## MATERIAL SUPPLIED:
#####

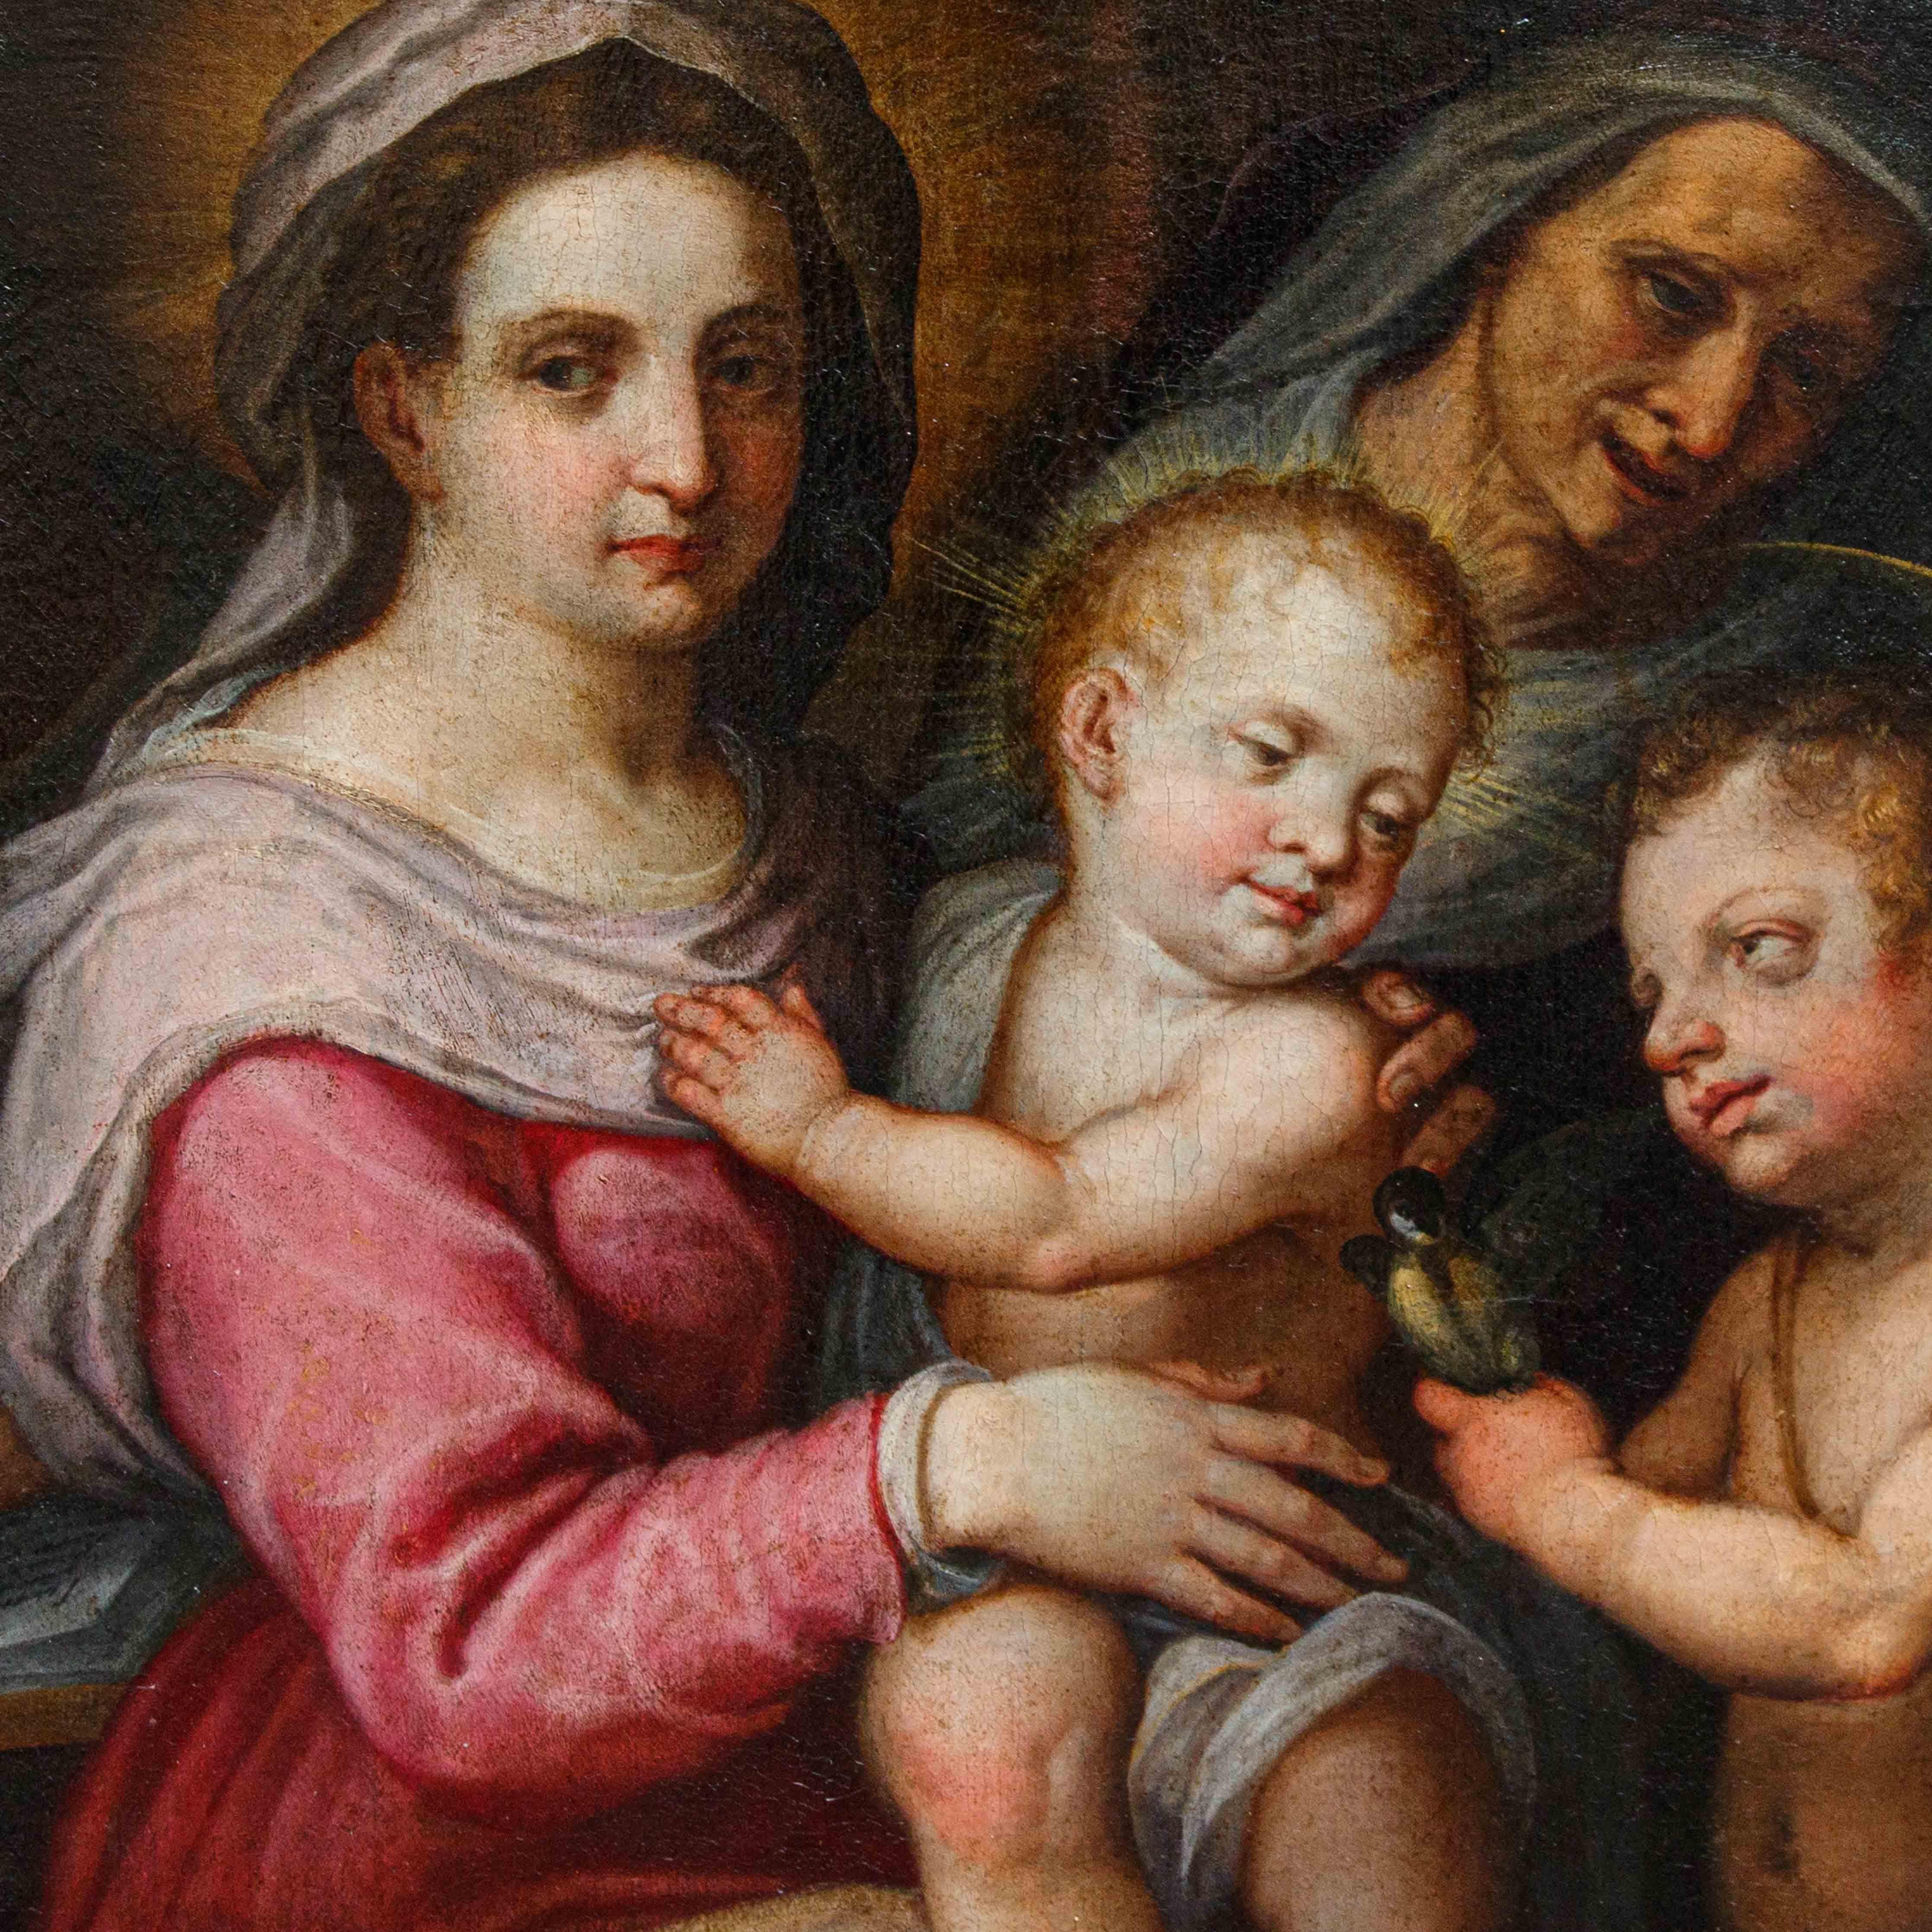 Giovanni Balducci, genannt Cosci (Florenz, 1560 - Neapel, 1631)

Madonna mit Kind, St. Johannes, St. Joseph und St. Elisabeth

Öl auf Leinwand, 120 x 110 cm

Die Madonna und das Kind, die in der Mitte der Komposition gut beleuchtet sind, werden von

#####

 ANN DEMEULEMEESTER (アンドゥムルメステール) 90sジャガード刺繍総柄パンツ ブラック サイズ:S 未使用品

#####

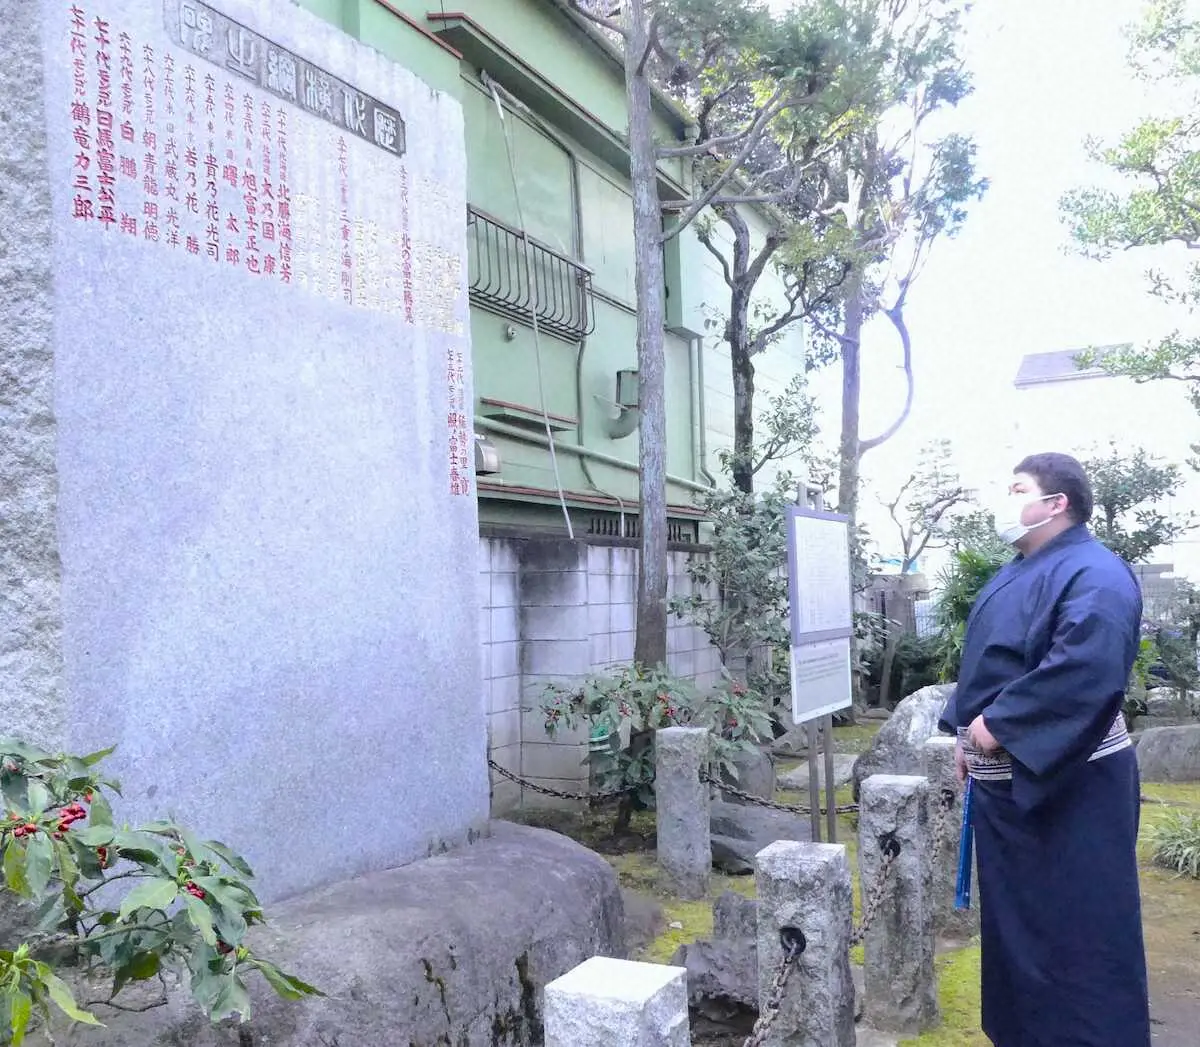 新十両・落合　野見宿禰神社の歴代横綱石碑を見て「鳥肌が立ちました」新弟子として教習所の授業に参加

#####

## REQUIRED ACTION:
Go to the line above that has "Giovanni Balducci, genannt" and copy exactly from there down to the line that has "Die Madonna und", both included. Leave the pictures out.

## YOUR RESPONSE:
 Giovanni Balducci, genannt Cosci (Florenz, 1560 - Neapel, 1631)

Madonna mit Kind, St. Johannes, St. Joseph und St. Elisabeth

Öl auf Leinwand, 120 x 110 cm

Die Madonna und das Kind, die in der Mitte der Komposition gut beleuchtet sind, werden von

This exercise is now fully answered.